Cycek was talking again. “I dug clams for Doris’ last meal. I told her I got up early and dug them on the beach where you took your samples. She knew those clams were safe, because she’d had some from there just a week earlier. If she’d been thinking, she’d have known the tide wasn’t low that day until 11:00, but Doris never bothered to think.” He sipped his wine. “Then, I told her I had to go to Larsen Bay, but instead I went to Uganik and dug clams near where the man died from PSP a few weeks ago. I didn’t know if the clams would kill Doris, but there was no harm in trying.”

“That’s why you didn’t have her groceries.” I scratched my right arm and then my right leg. I felt as if I had spiders crawling on me.

“I never went to Larsen Bay, so how could I get her blasted groceries?” He puckered his lips and shrugged. “I knew if everything went as I hoped it would, Doris wouldn’t need those groceries.”

My pulse danced and skipped. If I had eaten a lethal dose of monkshood leaves, I would not survive. I was too far from medical help.

“Did you put monkshood in my salad?” I ran the sleeve of my sweatshirt across my clammy forehead.

Cycek smiled. “If you and your assistant had just left me alone. I can’t let you test the clams from here, because they’re clean, and that would give me away.”

“And if I die? Don’t you think you’ll be the prime suspect?” I ran my fingers across my tingling throat.

“An unfortunate accident on the way back to your tent. The bear you saw in the woods today.” He leaned toward me. “You didn’t even see him coming.”

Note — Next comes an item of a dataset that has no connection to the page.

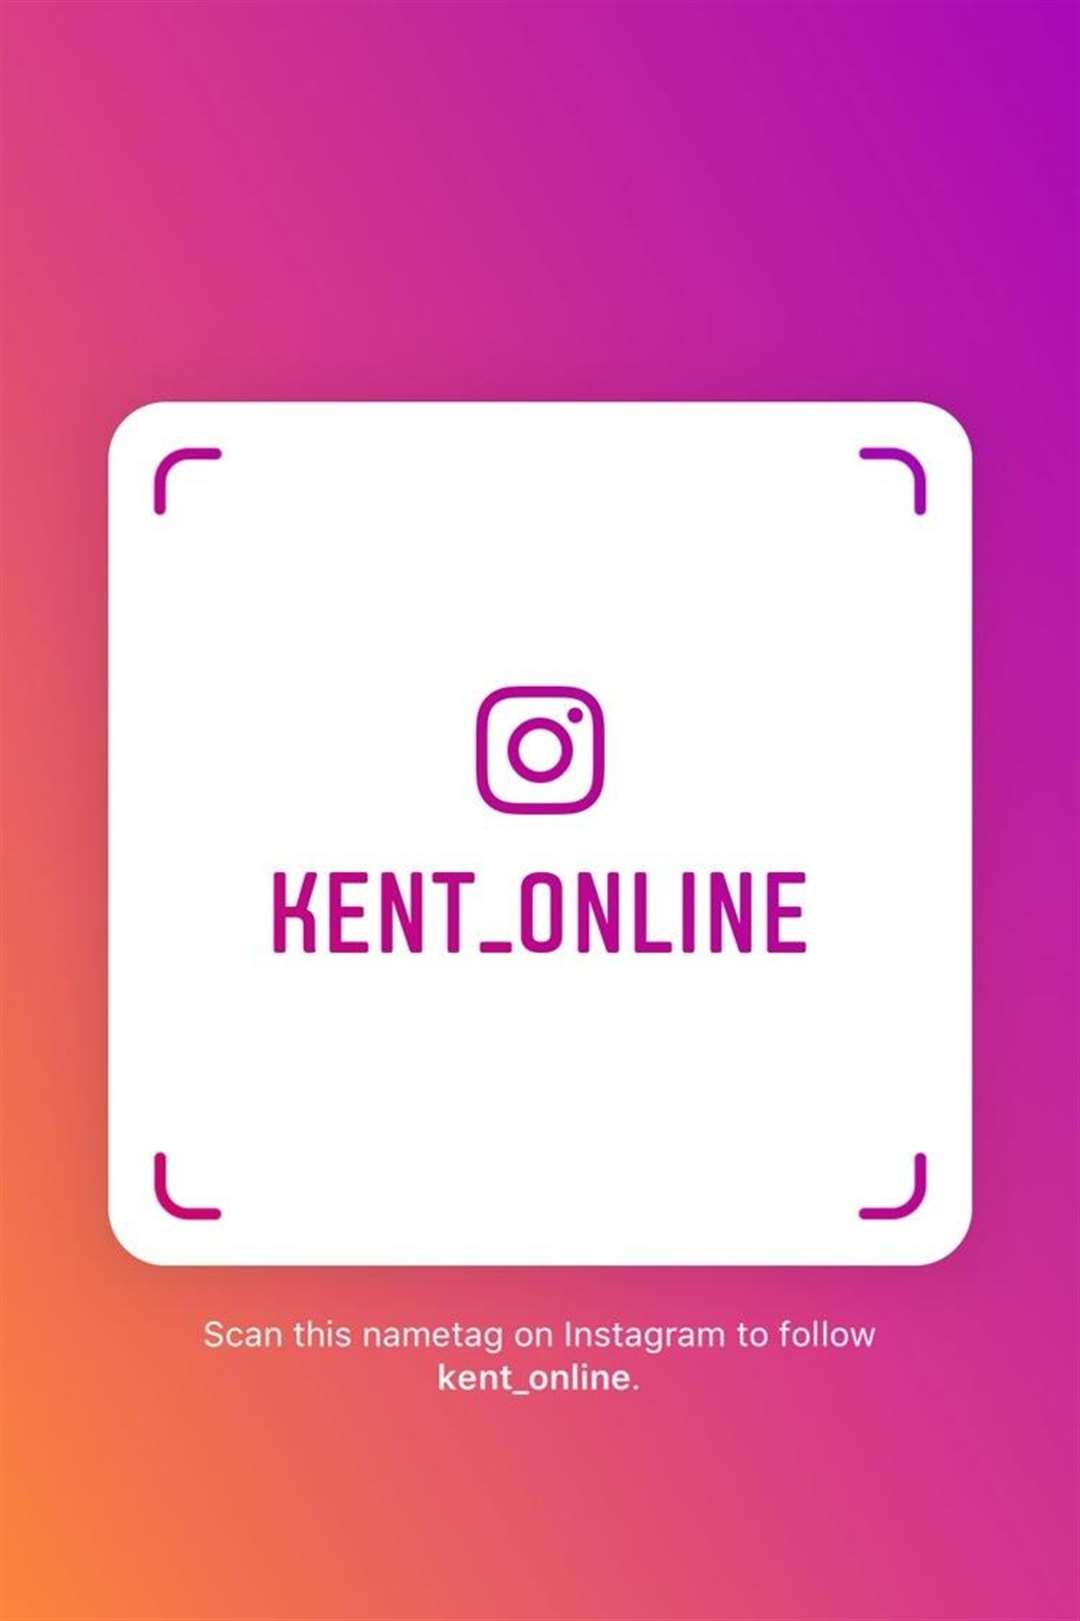 The KentOnline Instagram nametag

I cradled my head in my hands, fighting nausea. Pain stabbed my stomach, and I wondered how much time I had left. After I died, Cycek planned to mutilate my body so that I looked as if I’d been mauled by a bear. My mind screamed for me to run, but I wasn’t even sure I could stand. I had to do something, though. I couldn’t just sit there and die.

I stood, but my legs buckled, and I grabbed the edge of the table, knocking over my chair in the process. I held onto the side of the table and bent toward Cycek. “If I’ve eaten monkshood, what can I do? How can I counteract it?”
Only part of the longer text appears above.